Desafiar como a narrativa cinematográfica aborda os conflitos armados é o ponto central de “Número 24”. O longa explora as contradições de retratar a guerra sem glorificá-la, reconhecendo que até mesmo críticas ao enfrentamento bélico podem se tornar cúmplices de interesses políticos que perpetuam a violência. Inspirado na trajetória do norueguês Gunnar Sønsteby, o filme examina heroísmo, patriotismo e dilemas éticos que transcendem o campo de batalha. A jornada começa com Sønsteby, já idoso, relembrando seus dias na resistência norueguesa durante a Segunda Guerra Mundial, conduzindo o público ao período dos anos 1930.

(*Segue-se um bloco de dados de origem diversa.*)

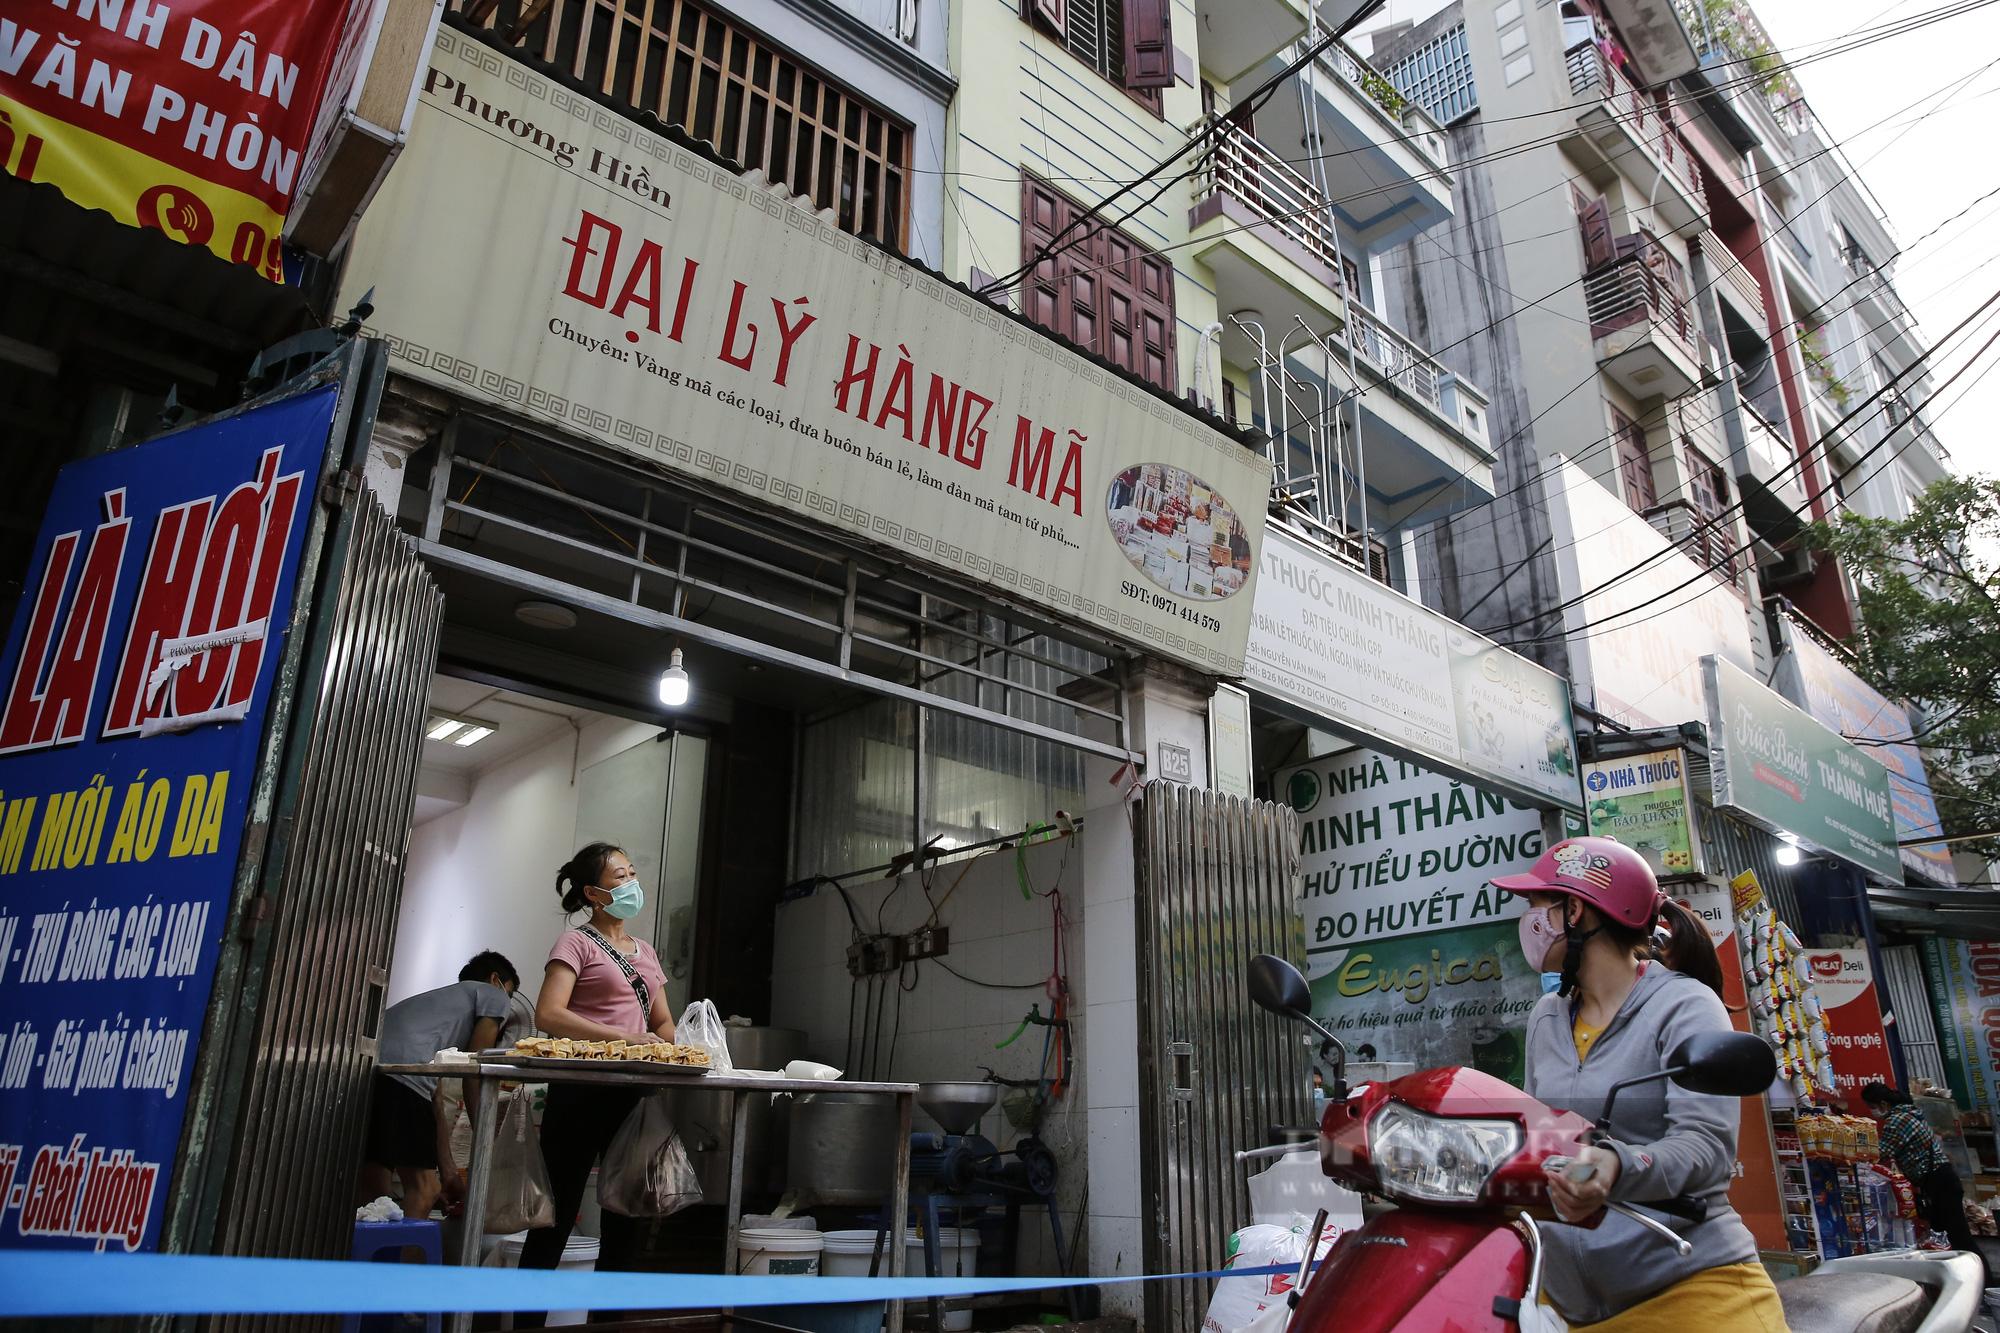 Hà Nội: Nhà hàng, quán cà phê, tiệm cắt tóc... chuyển sang bán thực phẩm thiết yếu - Ảnh 4.

Numa Noruega subjugada pela ocupação nazista, Gunnar emerge como um resistente silencioso, assumindo o codinome “Número 24” ao enfrentar riscos em operações de sabotagem e missões clandestinas. Distante do arquétipo de herói carismático, Sønsteby se destaca por ações discretas, embora eficazes. A narrativa, contudo, não se limita à tensão das perseguições ou explosões em fábricas; ela investiga as implicações morais dessas ações, incluindo execuções controversas. A virada acontece quando o personagem é confrontado, anos depois, por estudantes que questionam as consequências de suas escolhas. Nesse momento, a obra ultrapassa o território das histórias de espionagem e heroísmo para mergulhar nas complexidades da culpa e da ética em tempos de guerra.
A direção de John Andreas Andersen, conhecida por trabalhos como “Mar do Norte” e “Terremoto”, alterna sequências eletrizantes e introspectivas, explorando as nuances do protagonista. Ao som de “Exit Music (For a Film)”, do Radiohead, o filme insere modernidade em um contexto histórico, provocando debate sobre os limites da estilização. A reconstituição da época se destaca nos detalhes visuais e sonoros, enquanto o elenco, liderado por Sjur Vatne Brean e Erik Hivju, imprime profundidade emocional a cada cena. No ápice, os dilemas morais de Sønsteby ressoam em um diálogo tenso e envolvente, revelando falhas e arrependimentos raramente explorados em biografias.
Ao questionar até onde a luta contra a opressão pode justificar métodos extremos, o filme desafia o espectador a refletir sobre o heroísmo e a culpa em contextos de guerra. A produção se equilibra entre o impacto histórico e as ambiguidades humanas, deixando uma marca que se estende além da tela. Para alguns, a obra evoca debates urgentes; para outros, seu tom pode parecer desconfortavelmente próximo da realidade atual. Ainda assim, “Número 24” oferece uma rara oportunidade de confrontar as complexidades éticas de lutar por liberdade em um mundo onde as linhas entre heróis e vilões frequentemente se tornam indistinguíveis.